То есть даты были подобраны так, чтобы никто не вернулся.
Впрочем, вернулась Ирина Одоевцева – глубокой старухой, чтобы умереть через пару лет, но в Ленинграде, более того – в Санкт-Петербурге.
Если бы не она, семидесятилетняя пауза производила бы впечатление избытка, сталинского слоновьего срока – семьдесят лет, двести, триста, с запасом, с верхом.
Ирина Одоевцева, в одиночку одолев дорогу скитания, как бы подтвердила точную злонамеренность исторических лет.
***
Родители его знакомой, евреи, уехали в Германию, мотивируя это тем, что немцы после событий тридцатых-сороковых годов испытывают что-то вроде вины перед евреями и создают им неплохие условия жизни.
Он видел на фотокарточке чудесный домик с садиком – так, что не поймешь, карточка это или открытка.
Он вспомнил, где видел такие домики и садики, – в телерепортаже о жизни немецких ветеранов второй мировой.
Он вспомнил дальше – рай Ивана Карамазова, где генерал целуется с матерью замученного им младенца.
С другой стороны, если его спросят, что он может предложить, он пожмет плечами и улыбнется так называемой виноватой улыбкой – хотя его вины во всем этом заведомо нет…
Ничего, ровным счетом ничего.
***
Мягкий климат европейских морей, непроницаемо голубой небосвод, все эти розы и соловьи наводили Георгия Иванова на две мерцающие мысли, точнее, на два слова: каторга и рай.
Каторга, но за вычетом сознания собственной правоты, непреложного скорбного труда, родины на тысячи верст вокруг, песен, холода, снега.
Рай, точнее, вырванный из времени Эдем, похожий на лепестки роз, которыми засыпали насмерть какого-то средневекового князя, «отвратительный вечный покой»…
***
Осип Эмильевич Мандельштам, глубоко нормальный человек, не может не замечать нормальный человеческий выход: если он всем так мешает, отчего не отпустить его, не разомкнуть плавучую тюрьму на любом повороте Камы, не позволить просто уйти внутрь бесконечного леса, раствориться в страшном просторе, открывающемся на восток… Чем опасен один человек – атом в империи?
Очень, очень опасен, поэтому ему постепенно обрубают жизнь во времени и пространстве, отнимают город за городом, крымский берег… Ему недостает воздуха, его мучает удушье. Последний арест настигает его в санатории под станцией по имени Черусти – как из плохого триллера. И уже по ведомству смерти он получает желанный простор – дальневосточный лагерь и каторжный исход.
***
Весь год он мечтал смотаться весной в Ленинград, то есть в Санкт-Петербург, просто так, на два-три дня. Сегодня кончается весна, стало быть, поездка явочным образом не состоялась. Он удивляется мимоходом твердости этого кусочка небытия: для поездки не нашлось ни повода, ни времени, ни денег, ни даже мощного желания, которое решило бы остальные проблемы. Нет так нет.

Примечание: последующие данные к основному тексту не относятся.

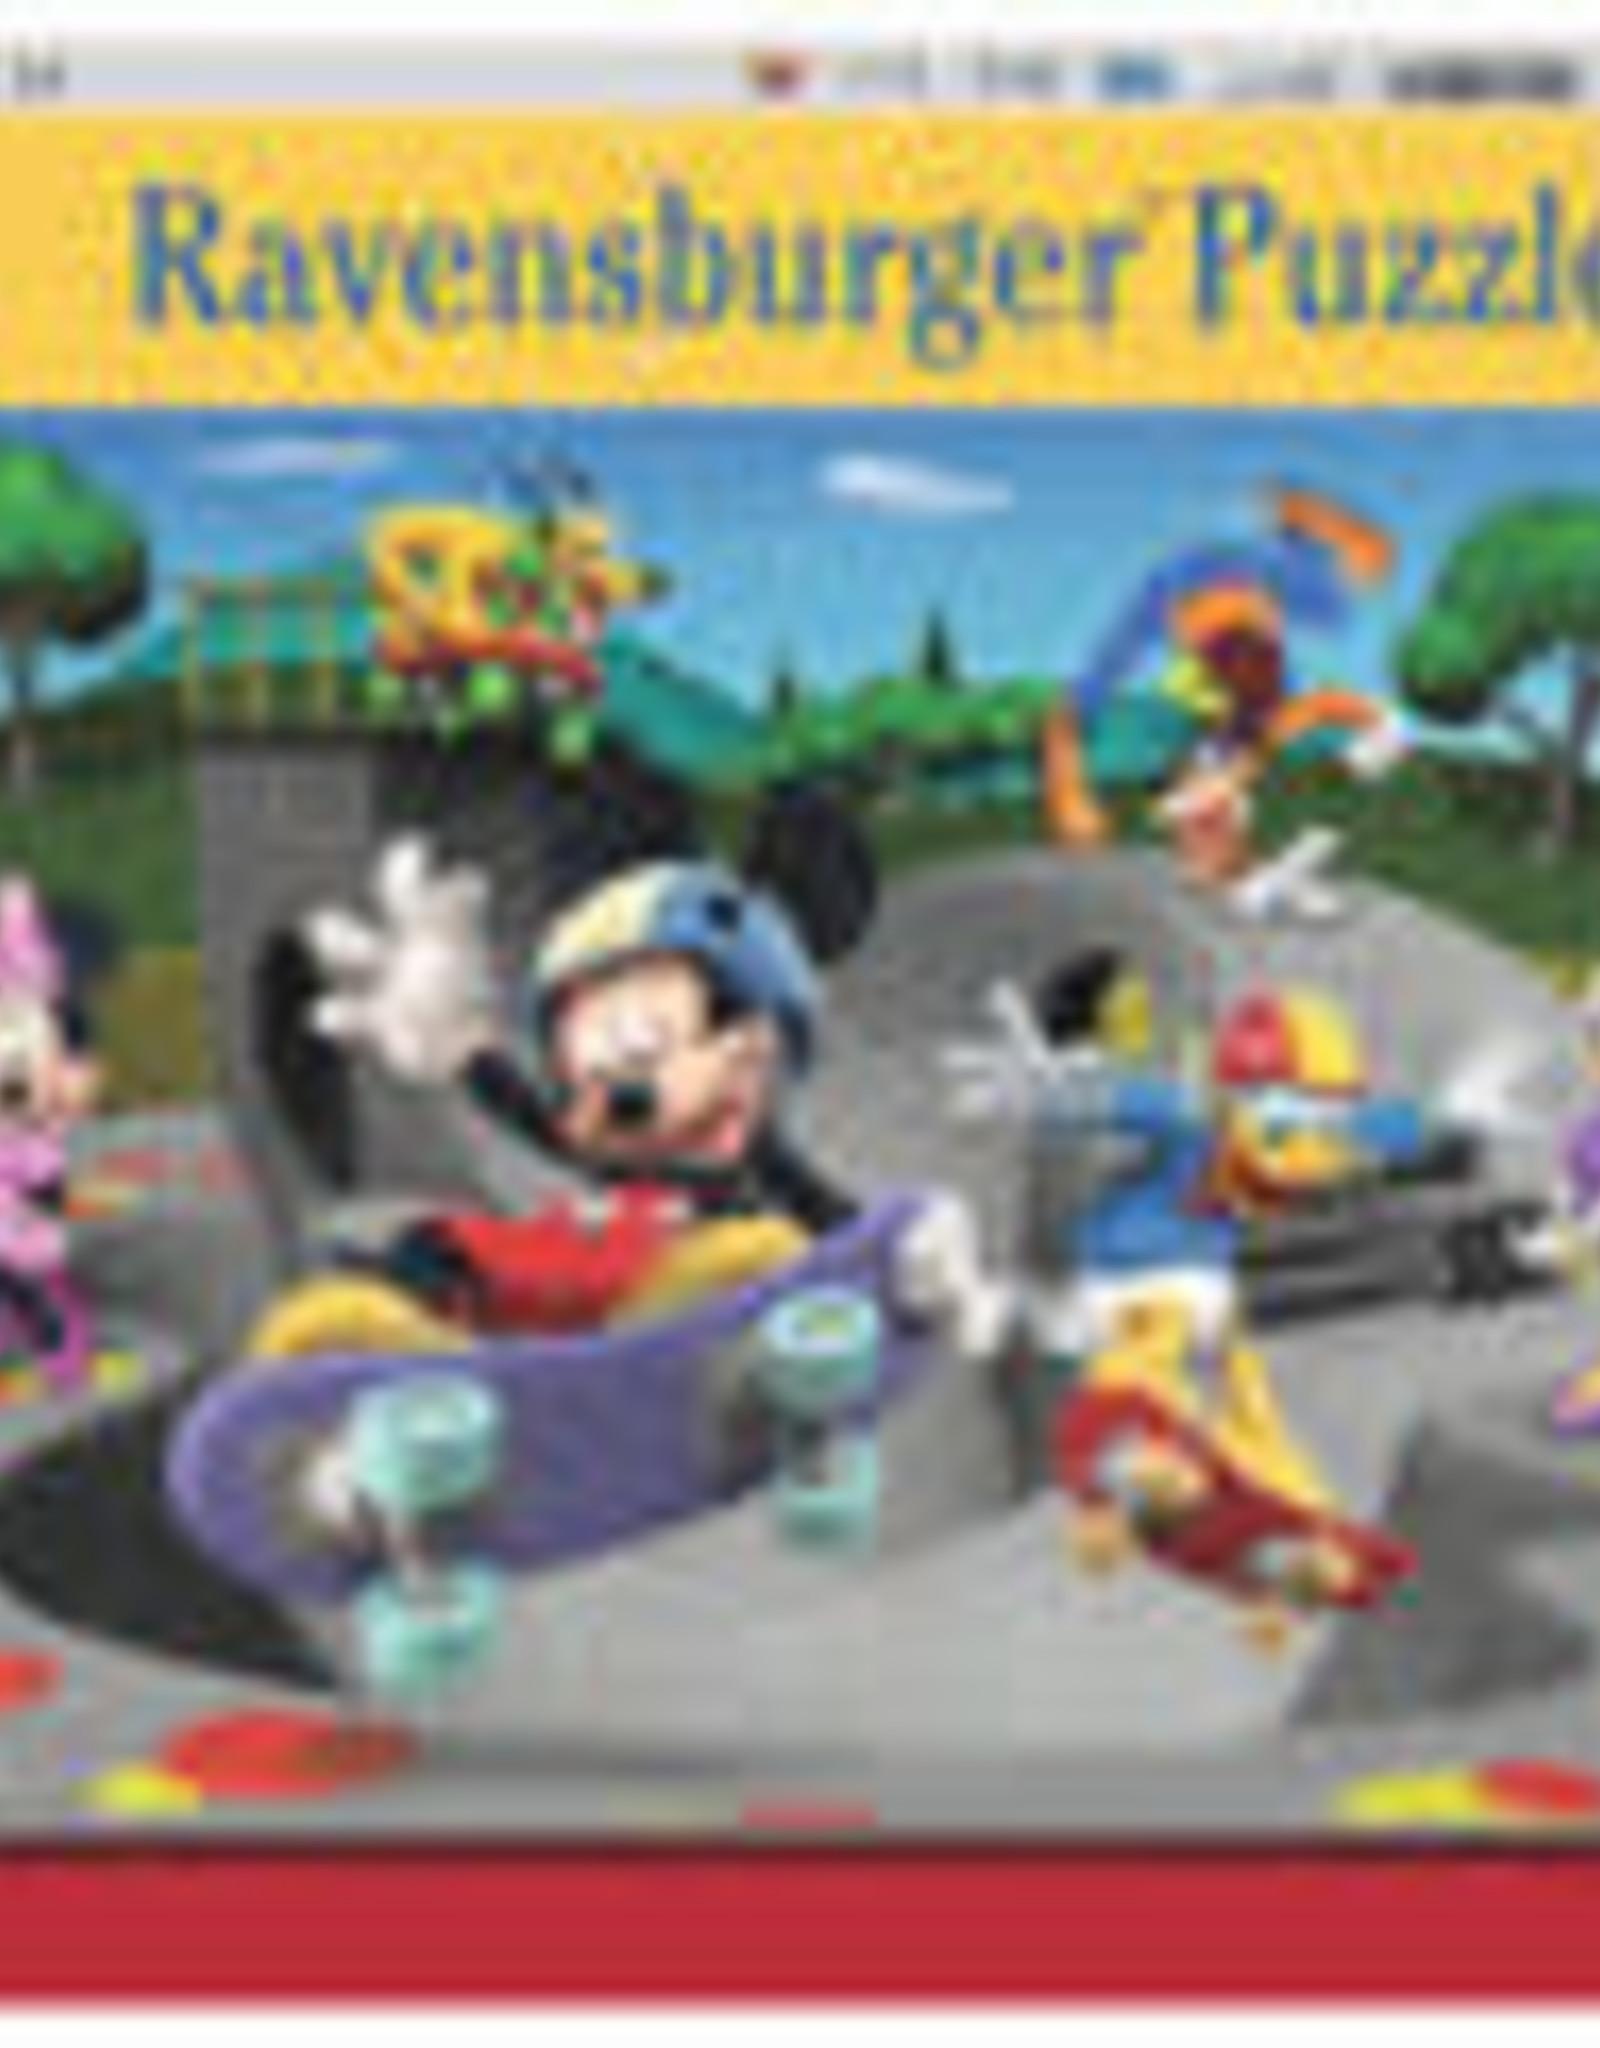 Ravensburger At the Skate Park 100 pc Puzzle

Раньше он был куда свободнее в перемещениях, более того, история и география, искажая, увеличивают эту свободу в прошлом: оказывается, он бывал и за границей – на Украине, в Латвии, в Армении…
***
Бывает так: москвич, живущий на окраине, находит себе работу около дома. После недолгой радости он замечает, что попался в ловушку: транспортное удобство оборачивается замкнутостью пространства, несвободой. Меняется лексика. Он говорит: «В четверг я собираюсь поехать в Москву».
***
Если существует его поколение, то оно никогда не делилось по политическим пристрастиям, примерно потому же, почему не делят на ноль. Зато оно медленно распалось на тех, кто уехал, и тех, кто остался.
***
Тех, кто уехал, на новых местах объединил великий русский язык, приятные воспоминания, специфическая ирония, особая мимика глаз и множество других летучих мелочей. Тех, кто остался, не объединяло ничто новое.
Он, как на кошмарном экзамене, зачем-то бегло вспоминает, что знает на эту тему.
А. назанимал денег, купил принтер и уехал в Америку.
Б., наоборот, назанимала денег на поездку в Италию и вероломно осталась в Москве.
В. Весь первый курс играл в карты, проиграл кучу денег, выл, обещал наложить на себя руки, наконец, далекие от карт друзья, чтобы спасти его честь, собрали ему требуемую кучу, после чего В., не расплатившись ни с кем, уехал в Сибирь. Страшная, почти мифологическая деталь этой истории: трагический сибиряк стал богаче ровно на столько, сколько проиграл.
Г., чемпион в своем роде, дважды за последние пять лет эмигрировал навсегда и дважды навсегда вернулся, каждый раз действуя отчаянно и с мукой, как если бы менял пол.